INSTRUCTIONS TO FOLLOW
From the data that follows, set down exactly the lines from the one with "Giselle Dress - Cream" through the one with "白罗斯超级特技柔软体操运动员", counting both. Pictures stay out.

MATERIAL PROVIDED
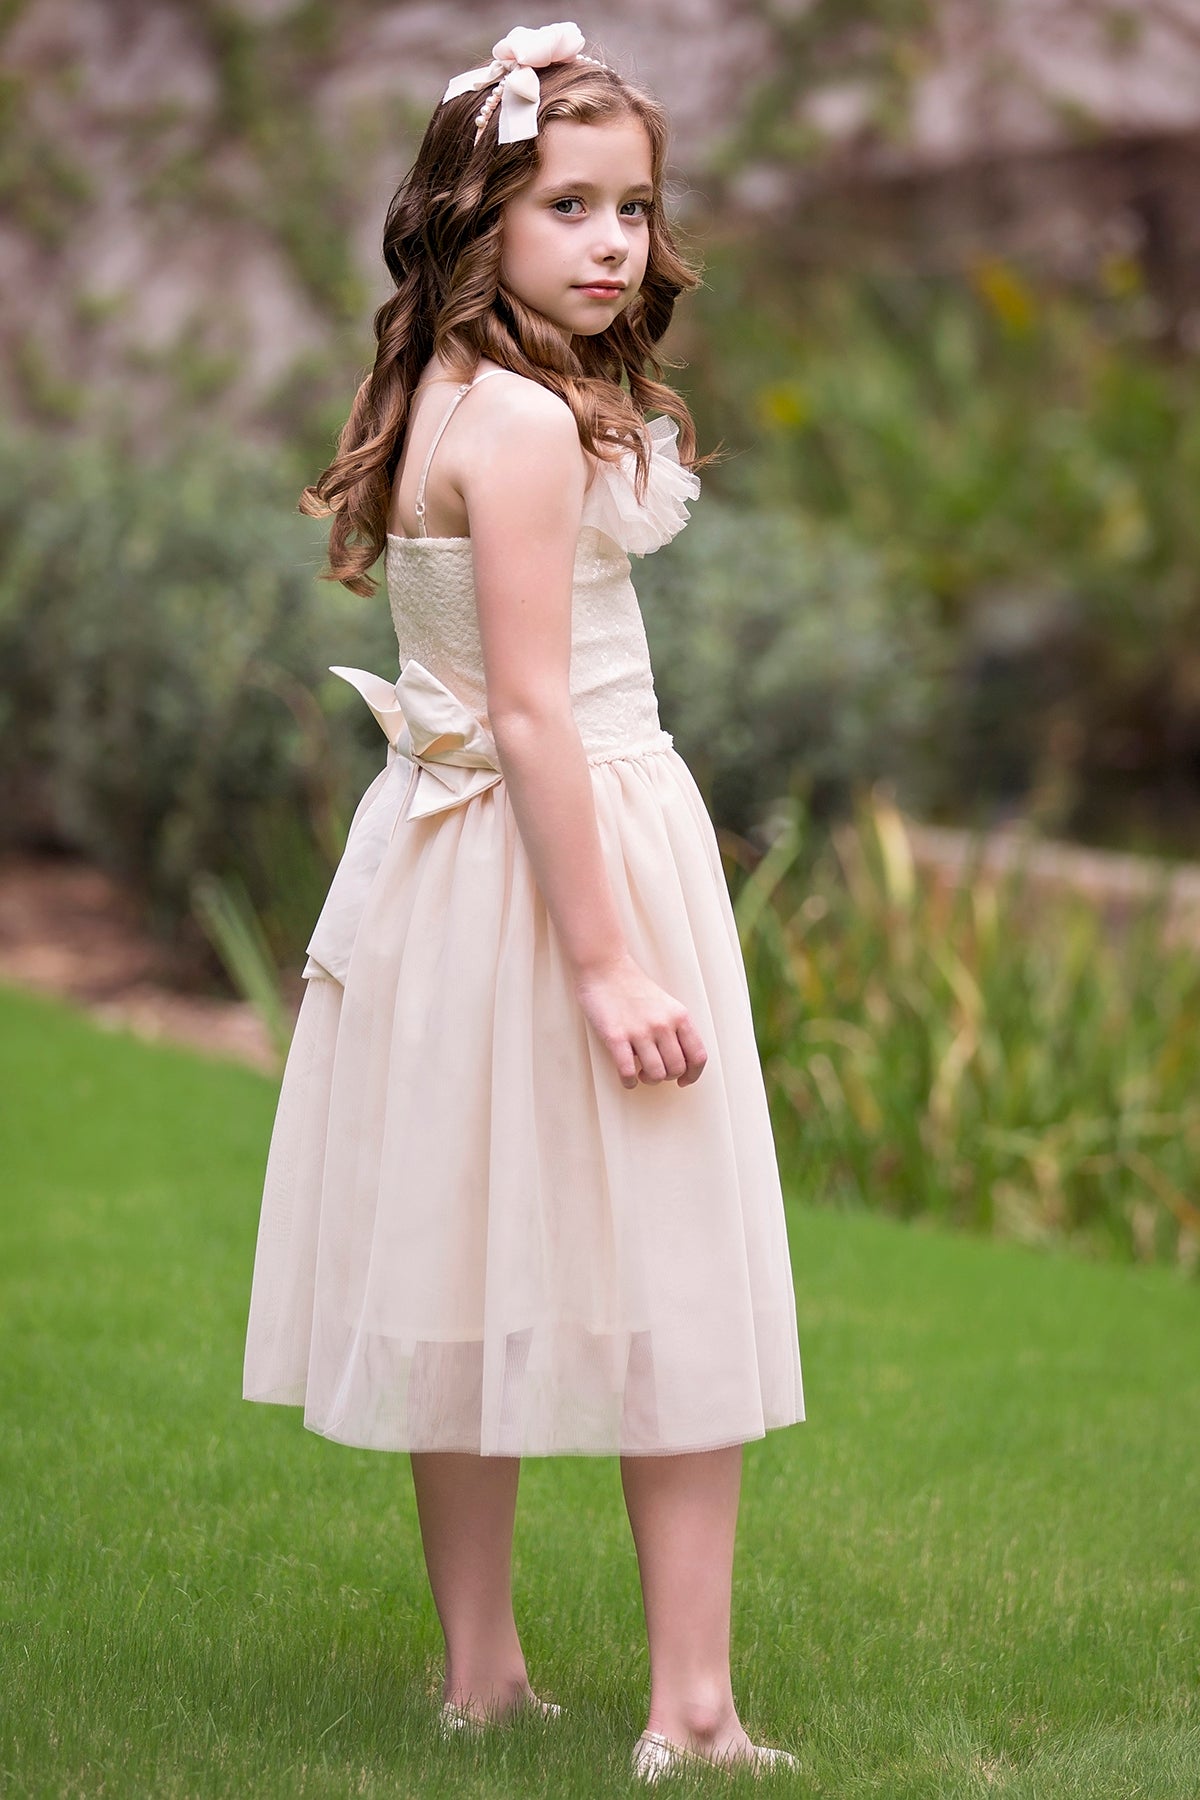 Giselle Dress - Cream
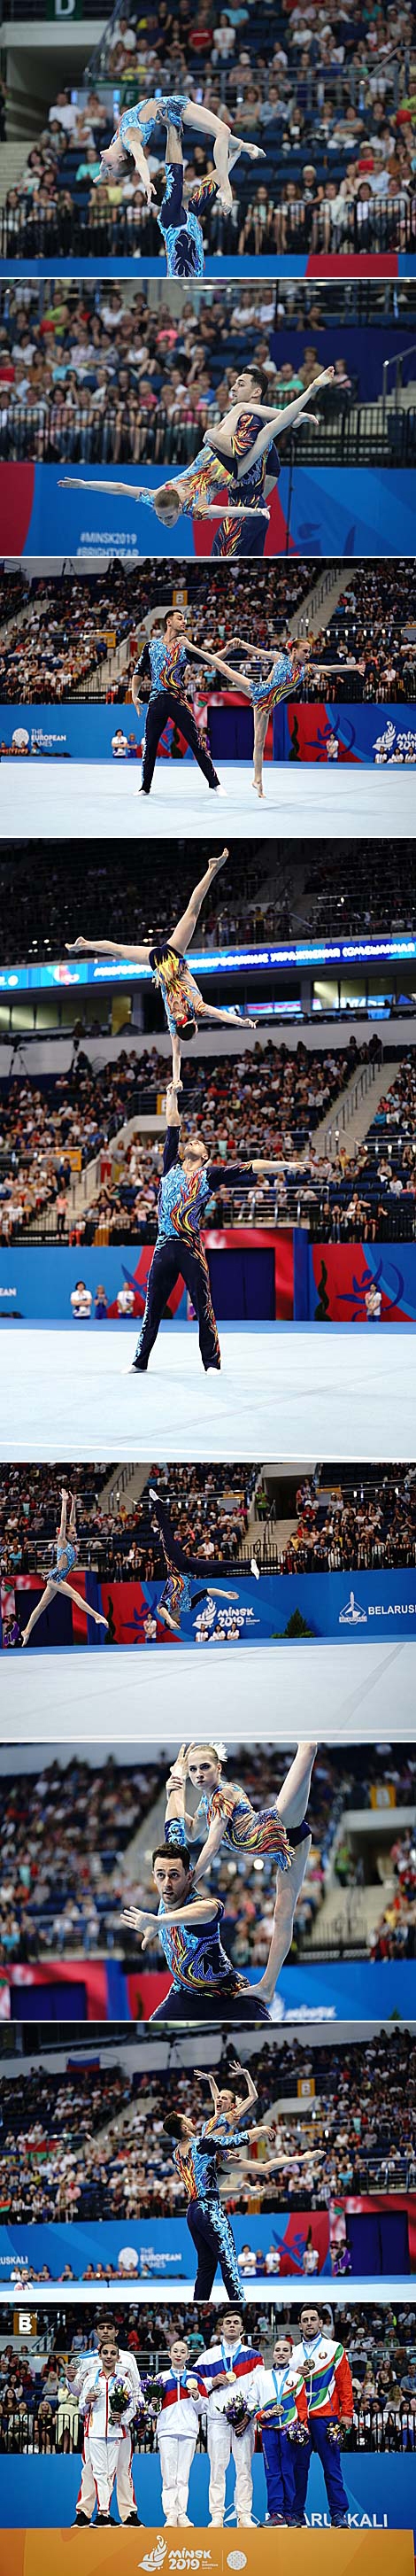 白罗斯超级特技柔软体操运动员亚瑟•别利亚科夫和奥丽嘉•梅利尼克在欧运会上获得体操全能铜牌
* * *
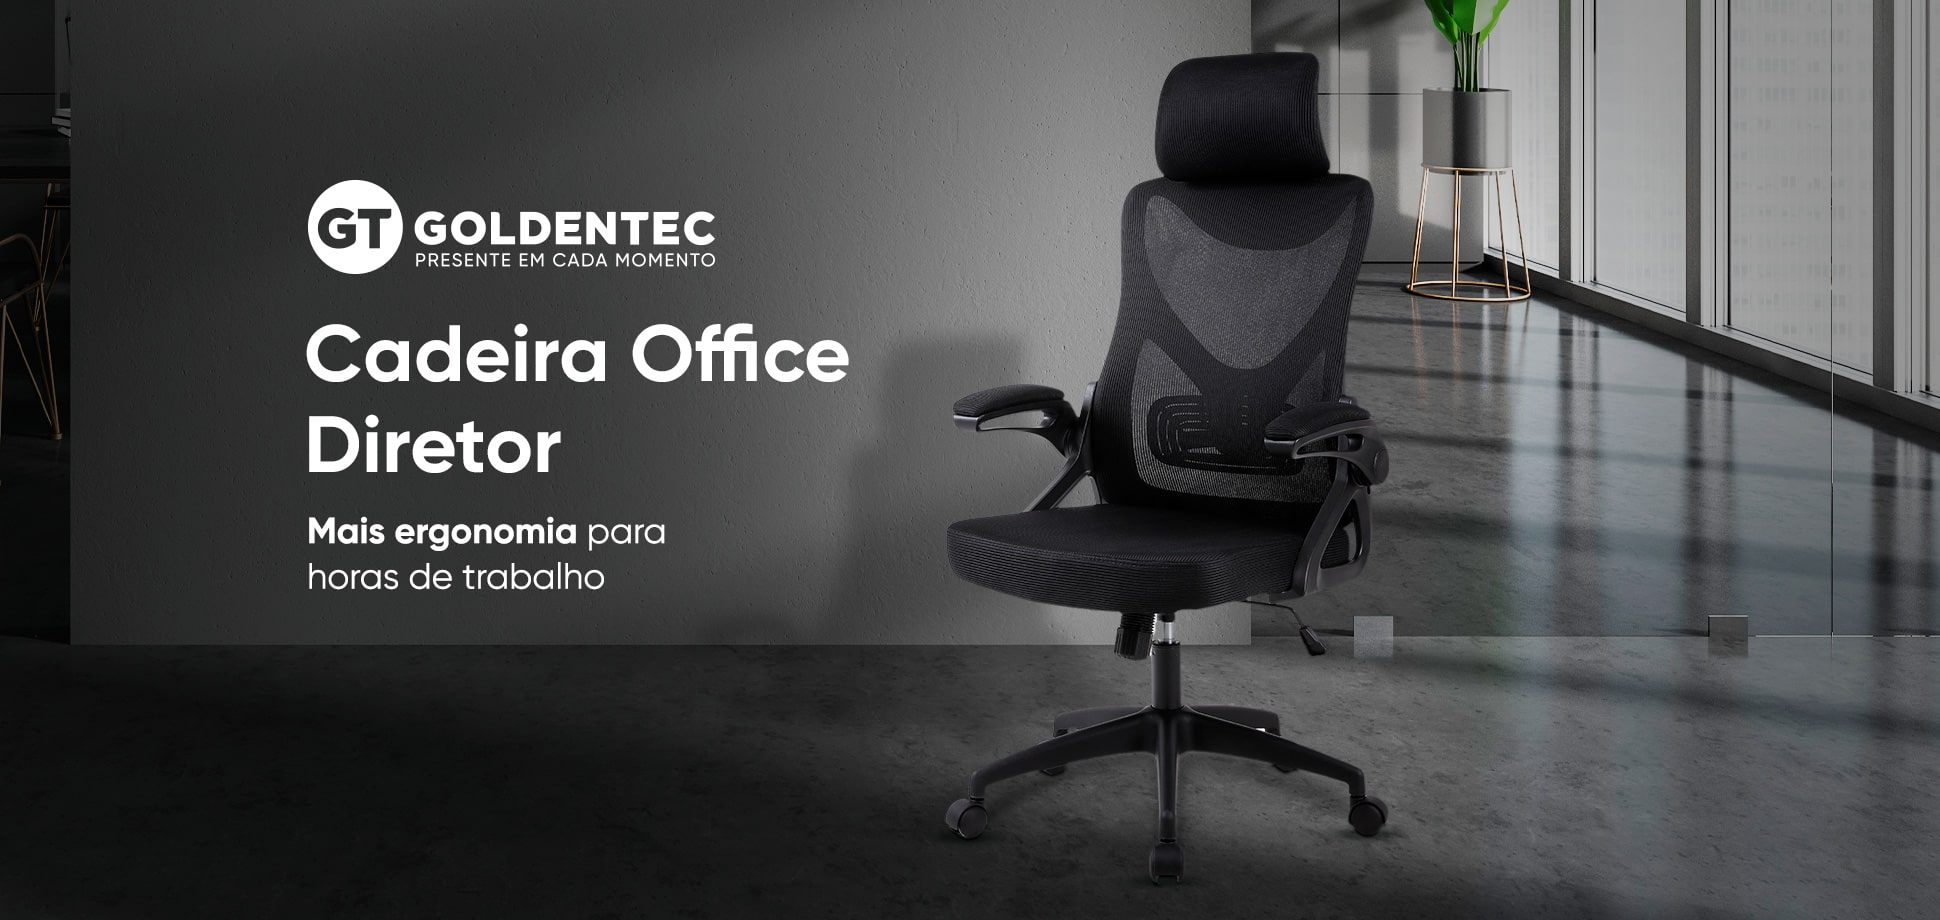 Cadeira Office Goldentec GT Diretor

REPLY
 Giselle Dress - Cream
 白罗斯超级特技柔软体操运动员亚瑟•别利亚科夫和奥丽嘉•梅利尼克在欧运会上获得体操全能铜牌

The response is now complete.